Режиссер Филипп Абрютин — об арктических фильмах, фестивале в городе с одним кинозалом и пути Чукотки от «жирника» до АЭС
Светлана Наборщикова
Фото: Арктический международный кинофестиваль «Золотой ворон»

В Анадыре продолжается VI Арктический международный кинофестиваль «Золотой ворон». В программе — полнометражные фильмы и короткий метр, кинолаборатория, театральные спектакли, мастер-классы. О том, как проходит форум на краю света, какие картины нравятся зрителям, как скоро чукотское кино догонит якутское и почему местные жители часто едут добровольцами в Донбасс, «Известиям» рассказал художественный руководитель фестиваля, кинорежиссер Филипп Абрютин.

«Раза два или три мы пересобирали программу»

— У фестиваля есть свой зритель, и это подтверждает качественную работу отборщиков. По какому принципу отобраны фильмы?

— Уже не первый год в полнометражный конкурс у нас входит как игровое, так и неигровое кино. Это связано с тем, что очевидна тенденция на пересечение жанров — документальное кино снимается художественными методами, художественное мимикрирует под неигровое. Это первая наша особенность.

Вторая — в основном конкурсе мы объединяем фильмы об Арктике, созданные в арктических странах. Для нас важно, что, несмотря на турбулентность, которая сейчас происходит, мы остались международным фестивалем арктического кино. У нас есть фильмы из Канады, Норвегии, Исландии.

Еще один важный момент. Фильм, который только что смотрели зрители, — «Беги, женщина, беги» — это кино о малых коренных народах. Мы всегда показываем фильмы об их культуре, языках, быте. Не просто Север, а еще и малые народы.

Итак, основные принципы, на которых держится наша программа: Арктика, культура малых народов, международный формат.

Кадр из фильма «Беги, женщина, беги»
Фото: Арктический международный кинофестиваль «Золотой ворон»

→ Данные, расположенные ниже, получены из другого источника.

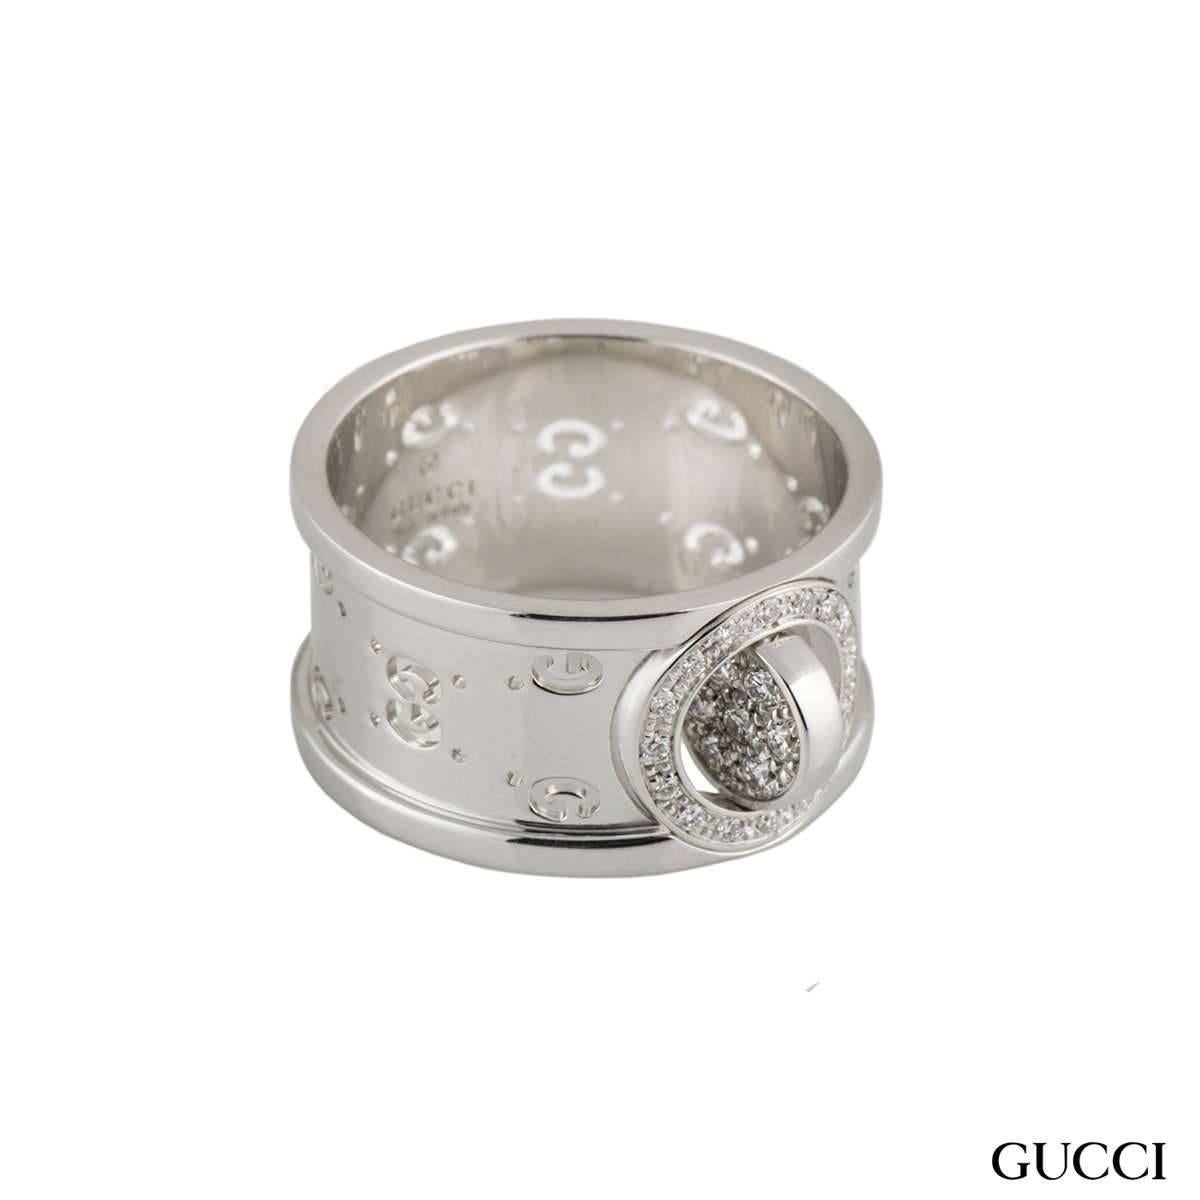 An 18k white gold diamond set Gucci ring from the Twirl collection. The ring comprises of 24 round brilliant cut diamonds set to the centre with a spinning centre, with a total diamond weight of approximately 0.16ct, G colour and VS clarity. The

— Насколько сложно было остаться международным фестивалем?

— Подборка программы проходила как никогда сложно. Раза два или три мы фактически ее пересобирали.

— Отказывали?

— Отказывали, отзывали заявки. У нас получился довольно большой сегмент российского кино. Хотя обычно география равномерная. Но мы не отказались от международного принципа, смогли его сохранить.

— Для вас, как худрука, это четвертый «Золотой ворон». Уже видите его историю в динамике?

— Практически. Фестиваль шестой, получается, что на данный момент большую часть истории фестиваля я к нему причастен.

Фото: Арктический международный кинофестиваль «Золотой ворон»

— Концепция, которую вы обрисовали: Арктика, документальное и игровое кино вместе, кино малых народов — ваше нововведение?

— Нет, такой она была, и мы ее сохраняем. Еще очень важно для нас, что Гран-при вручает зритель. Мы ориентированы на него гораздо больше, чем другие фестивали.

У нас есть конкурс «Киновзлет», который поддерживает молодых кинематографистов региона — это для нас важно. Нужно, чтобы на Чукотке вырастали кинематографисты, которые будут делать прекрасное кино о своей земле, о своем крае.

Арктический регион объединяет разные страны: США, Канаду, европейские государства. Мы хотим, чтобы у нас создавалось не менее профессиональное кино об Арктике, поэтому фестиваль многое вкладывает, чтобы поддерживать желание людей снимать.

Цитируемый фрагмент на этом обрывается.